If there is a point that you think you can make, then make it man. Otherwise, admit what you said was rubbish and back away.


----------



## usmarriedguy (Dec 9, 2013)

happi_g_more2 you are totally clueless. 

But one more obscure reference -you are in the wrong pond.

(and no, it has nothing to do with the bible)


----------



## happi_g_more2 (Jan 27, 2014)

not even gonna response past this. uneducated halfwits. Texas!?!? figures.


----------



## usmarriedguy (Dec 9, 2013)

:rofl::rofl::rofl::rofl::rofl:

You crack me up dude.

"I'm not going to respond to this, I'll just say...."


----------



## Plan 9 from OS (Jul 13, 2012)

There is a difference between the eroticism that has been around since humans were thinking, reasoning beings vs. the eroticism seen in porn. Maybe sexy clothes were not a factor during the dawn of human civilization as we understand it today, but the practice has evolved as a part of our culture from a very long time ago. But a woman dressing up in sexy clothes for a night of passion in the bedroom is very different from the view that the OP shared where he'd like to have his wife open up the door to him dressed in lacy thong, stilletto heels and putting his d!ck in her mouth the second the door closes. That "spiciness" is rare in real life but popular in porn. Now the real spiciness that can develop is more planned out and involves more "foreplay" prior to it happening - primarily through communicating with each other and reconnecting on an emotional level first before moving onto the physical, spicy acts.

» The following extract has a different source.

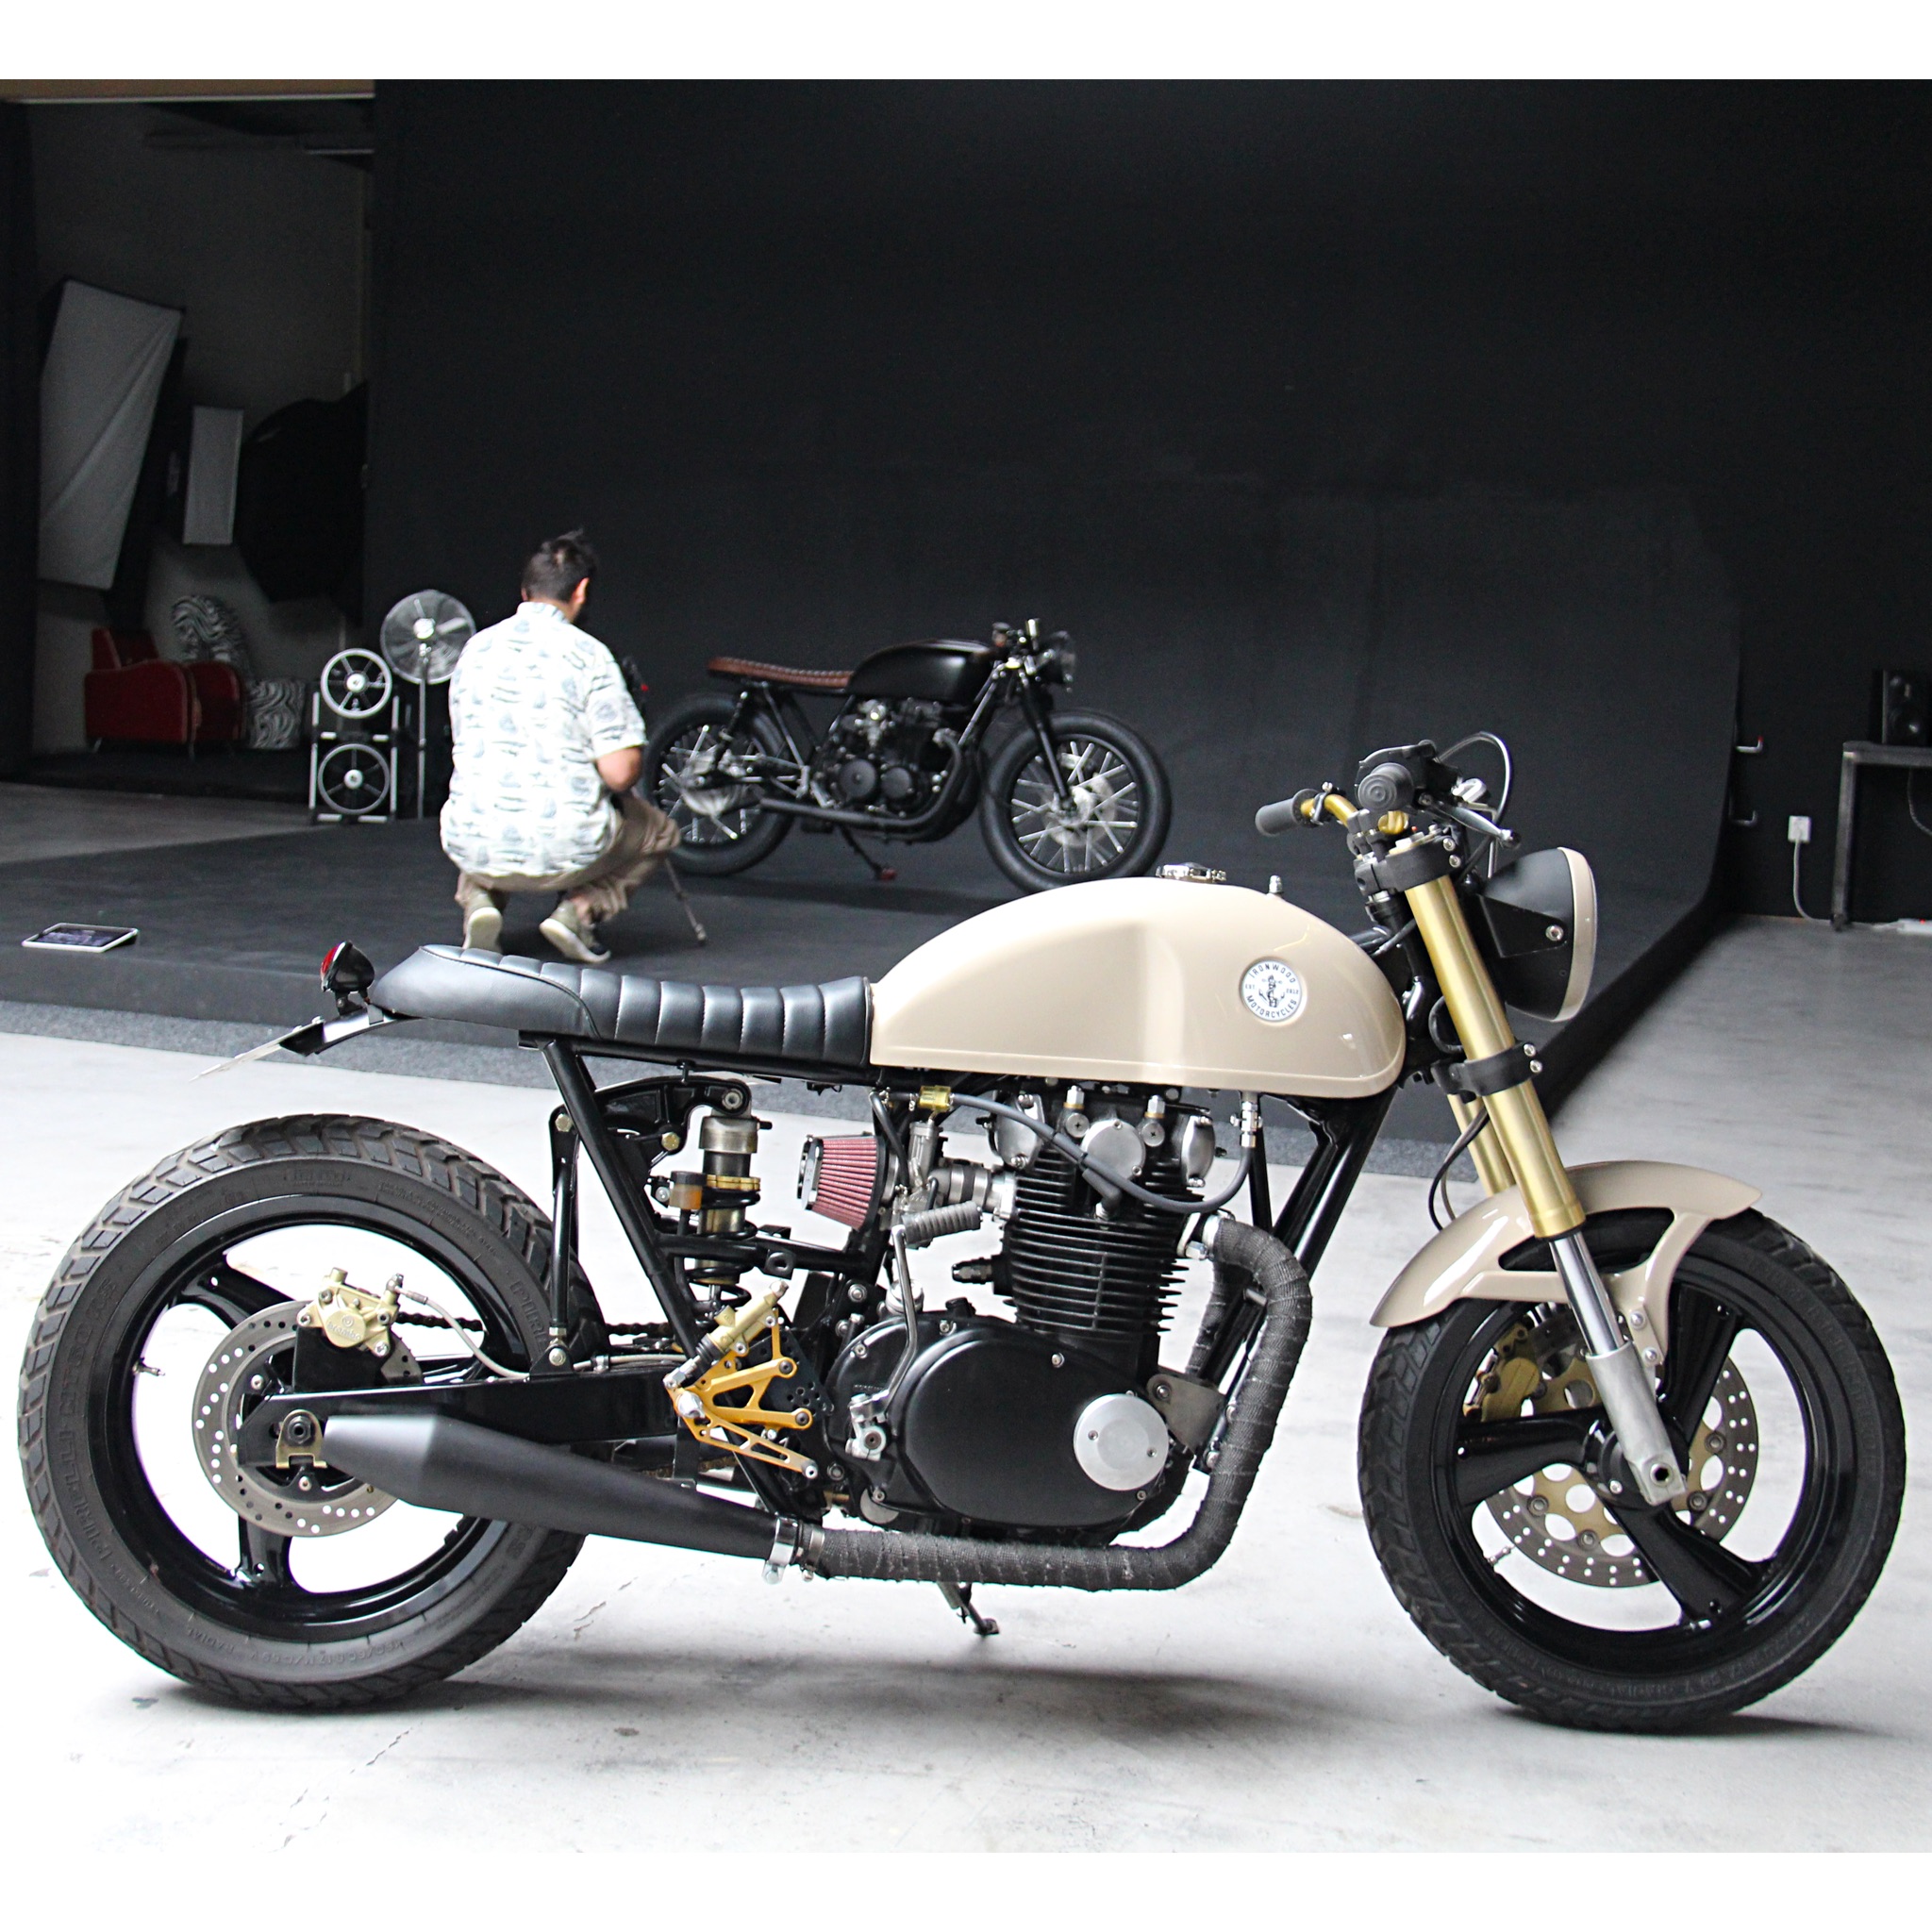 Yamaha XS650 Scrambler by Ironwood Motorcycles – BikeBound

I also hope that most of us on here understand that a variety of the sex positions used in porn are not ideally used in real life. They are more for visual display as opposed to practical applications. I understand that the kama sutra has a variety of gymnastic sex poses, but generally speaking they're not the norm when it comes to spicing up the sex life. Now variations on missionary, seated, standing and kneeling to have sex is spicing it up provided that both partners are COMFORTABLE and are both getting mutual pleasure.


----------



## jaharthur (May 25, 2012)

To say nothing of the fact that there are plenty of spices OTHER than anal or BJs. Tired of cloves and cinnamon? Try chilis or peppers or oregano or ginger or paprika. Have the imagination of a good chef.


----------



## Cletus (Apr 27, 2012)

jaharthur said:


> To say nothing of the fact that there are plenty of spices OTHER than anal or BJs. Tired of cloves and cinnamon? Try chilis or peppers or oregano or ginger or paprika. Have the imagination of a good chef.

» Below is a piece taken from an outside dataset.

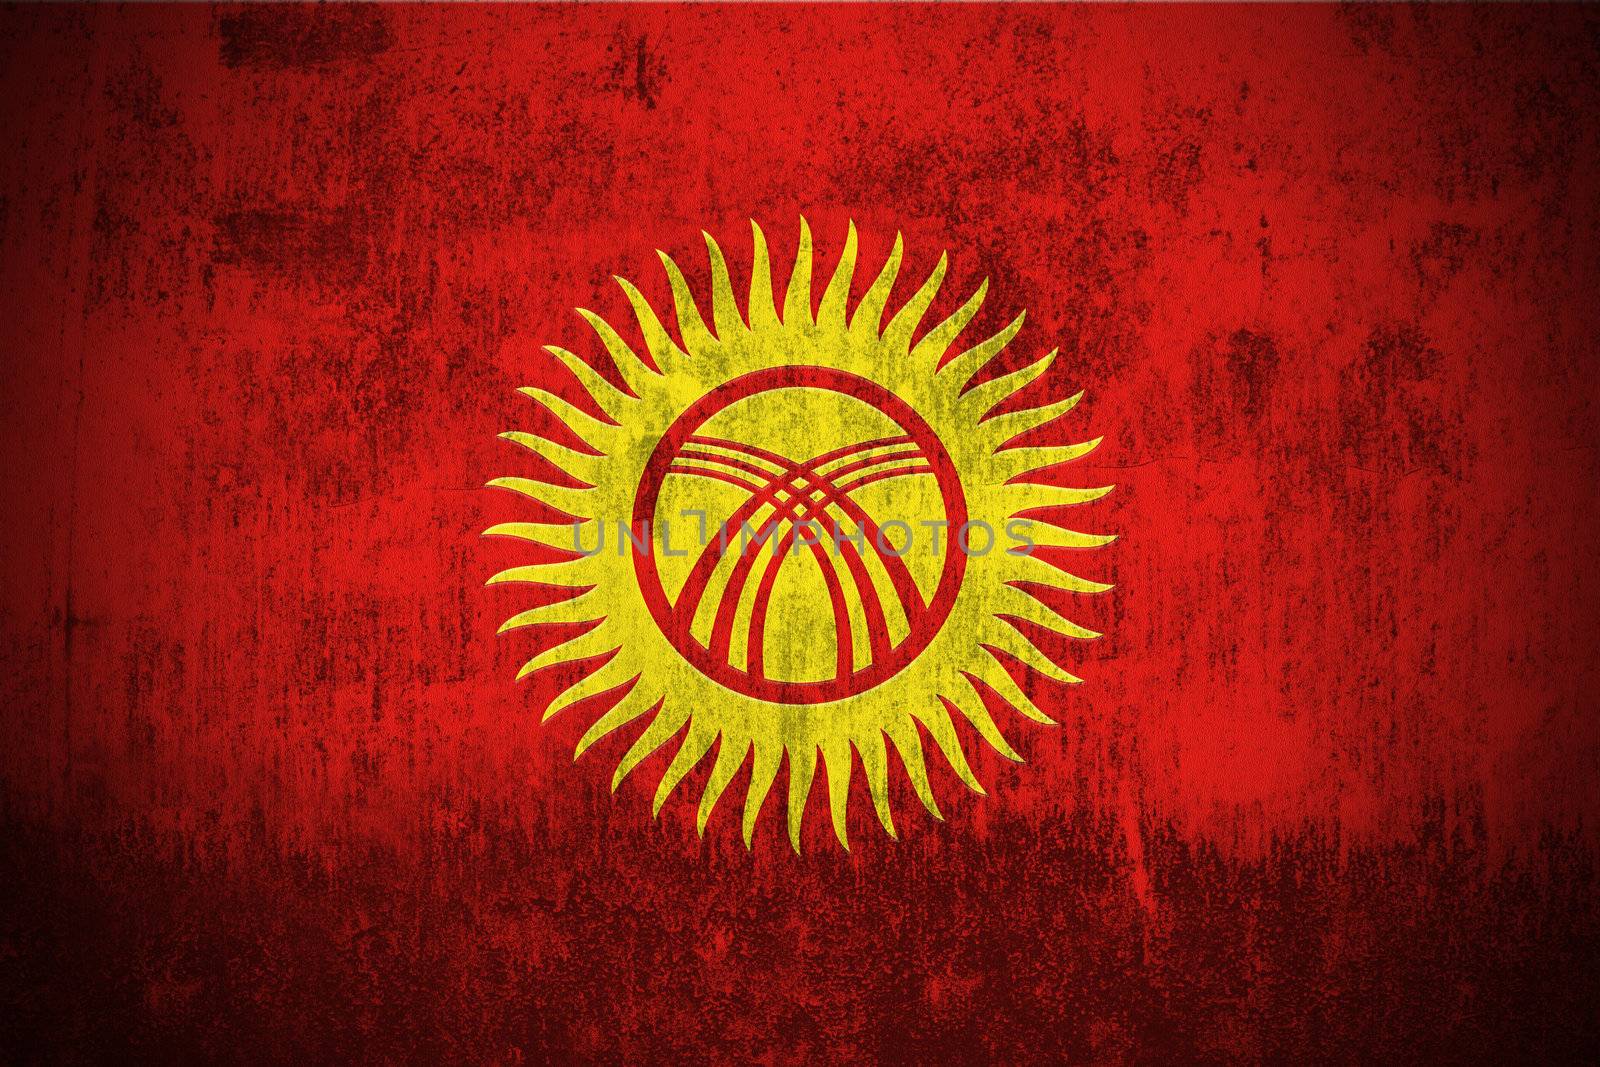 Grunge Flag Of Kyrgyzstan by gilmanshin

Keep your chilis and peppers the hell away from my mucous membranes, thank you very much.


----------



## Faithful Wife (Oct 31, 2012)

happi_g_whatever....Do you realize you are going to end up getting banned?

Is that what you wanted?

Not that I care, I just wondered if you think this place is a free for all where we can toss around insults and name calling like children on a playground, because it isn't.


----------



## jaharthur (May 25, 2012)

Faithful Wife said:


> happi_g_whatever....Do you realize you are going to end up getting banned?
> 
> Is that what you wanted?
> 
> Not that I care, I just wondered if you think this place is a free for all where we can toss around insults and name calling like children on a playground, because it isn't.


Too late.


----------



## Redwingfan1966 (Feb 4, 2014)

Catherine602 said:


> I think you are confused. The spice has to be something you are both interested in. Your insistence that she should do it for you is wrong.
> 
> You should do it for each other. You will never be able to force her to do what you want. You can show her that you care about her pleasure as much as your own. That would be far more successful than demands.
> 
> ...


Apparently people are taking what I typed out of context. Asking for a BJ, Anal or spicing things up, is totally different then demanding them. To say I'm self centered is in my opinion a joke, because I want something other then the same ole ,same ole, I'm self centered and angry. I only pointed out the stuff I do is because if I didn't I would've gotten replies" Hey you lazy d***, maybe you should help her out more around the house". Fall back in love, serious, we never fell out of love, we hold hands, we cuddle while watching tv, we hug,we spend our days off TOGETHER .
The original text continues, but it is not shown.